# [AIM OF THE EXERCISE]
Copy out exactly every line from the line containing "Peregrine Falcon Portrait - Stock Image" until the records below end, inclusive of both boundary lines.

(Recorded data)
= Beginning of Section =

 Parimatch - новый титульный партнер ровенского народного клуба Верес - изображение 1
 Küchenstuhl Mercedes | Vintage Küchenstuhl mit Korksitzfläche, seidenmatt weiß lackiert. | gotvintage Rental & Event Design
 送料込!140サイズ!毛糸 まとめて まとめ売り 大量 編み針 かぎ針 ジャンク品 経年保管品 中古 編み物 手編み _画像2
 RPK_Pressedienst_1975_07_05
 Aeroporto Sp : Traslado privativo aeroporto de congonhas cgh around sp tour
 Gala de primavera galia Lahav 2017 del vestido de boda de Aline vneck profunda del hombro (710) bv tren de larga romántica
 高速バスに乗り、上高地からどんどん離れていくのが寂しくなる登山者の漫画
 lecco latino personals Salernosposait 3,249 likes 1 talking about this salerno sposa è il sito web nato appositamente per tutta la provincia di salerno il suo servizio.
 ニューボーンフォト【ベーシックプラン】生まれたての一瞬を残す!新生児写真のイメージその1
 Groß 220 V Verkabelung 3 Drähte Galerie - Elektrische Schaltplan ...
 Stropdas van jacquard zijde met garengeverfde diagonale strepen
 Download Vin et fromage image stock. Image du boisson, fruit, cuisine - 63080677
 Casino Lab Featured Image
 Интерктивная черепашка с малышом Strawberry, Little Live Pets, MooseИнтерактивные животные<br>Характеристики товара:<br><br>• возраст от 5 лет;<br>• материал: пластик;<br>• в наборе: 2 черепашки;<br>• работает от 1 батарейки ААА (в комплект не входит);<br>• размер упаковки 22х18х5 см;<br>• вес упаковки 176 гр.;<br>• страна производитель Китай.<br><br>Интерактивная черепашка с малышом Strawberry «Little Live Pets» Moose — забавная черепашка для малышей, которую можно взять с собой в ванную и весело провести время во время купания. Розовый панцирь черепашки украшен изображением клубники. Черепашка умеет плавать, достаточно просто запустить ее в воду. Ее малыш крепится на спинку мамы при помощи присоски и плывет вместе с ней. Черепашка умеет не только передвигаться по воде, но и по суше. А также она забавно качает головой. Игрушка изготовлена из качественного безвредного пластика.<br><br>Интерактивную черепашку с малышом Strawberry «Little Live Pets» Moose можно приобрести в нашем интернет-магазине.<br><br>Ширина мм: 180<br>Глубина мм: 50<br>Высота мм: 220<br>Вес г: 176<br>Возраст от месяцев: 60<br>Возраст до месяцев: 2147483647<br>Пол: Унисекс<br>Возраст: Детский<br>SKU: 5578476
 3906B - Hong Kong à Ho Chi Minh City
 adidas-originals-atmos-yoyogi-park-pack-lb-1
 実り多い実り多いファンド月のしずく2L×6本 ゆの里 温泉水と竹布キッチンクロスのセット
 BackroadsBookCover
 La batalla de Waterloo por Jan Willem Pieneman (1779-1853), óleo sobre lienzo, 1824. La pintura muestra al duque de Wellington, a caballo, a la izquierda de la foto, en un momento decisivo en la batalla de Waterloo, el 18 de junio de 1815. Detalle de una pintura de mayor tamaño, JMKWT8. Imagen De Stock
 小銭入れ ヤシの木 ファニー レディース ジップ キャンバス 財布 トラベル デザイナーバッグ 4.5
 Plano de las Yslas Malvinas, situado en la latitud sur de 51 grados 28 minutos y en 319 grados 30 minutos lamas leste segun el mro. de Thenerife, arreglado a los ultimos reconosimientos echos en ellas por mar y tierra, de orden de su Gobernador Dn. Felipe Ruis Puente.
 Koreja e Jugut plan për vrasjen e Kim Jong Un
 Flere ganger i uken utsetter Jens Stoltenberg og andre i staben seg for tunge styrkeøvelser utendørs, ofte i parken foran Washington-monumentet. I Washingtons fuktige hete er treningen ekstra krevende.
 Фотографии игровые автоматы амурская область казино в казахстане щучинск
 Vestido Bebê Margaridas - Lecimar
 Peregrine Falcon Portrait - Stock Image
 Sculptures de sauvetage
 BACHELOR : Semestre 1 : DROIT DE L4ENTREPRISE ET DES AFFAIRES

= End of Section =

# [TASK SOLUTION]
 Peregrine Falcon Portrait - Stock Image
 Sculptures de sauvetage
 BACHELOR : Semestre 1 : DROIT DE L4ENTREPRISE ET DES AFFAIRES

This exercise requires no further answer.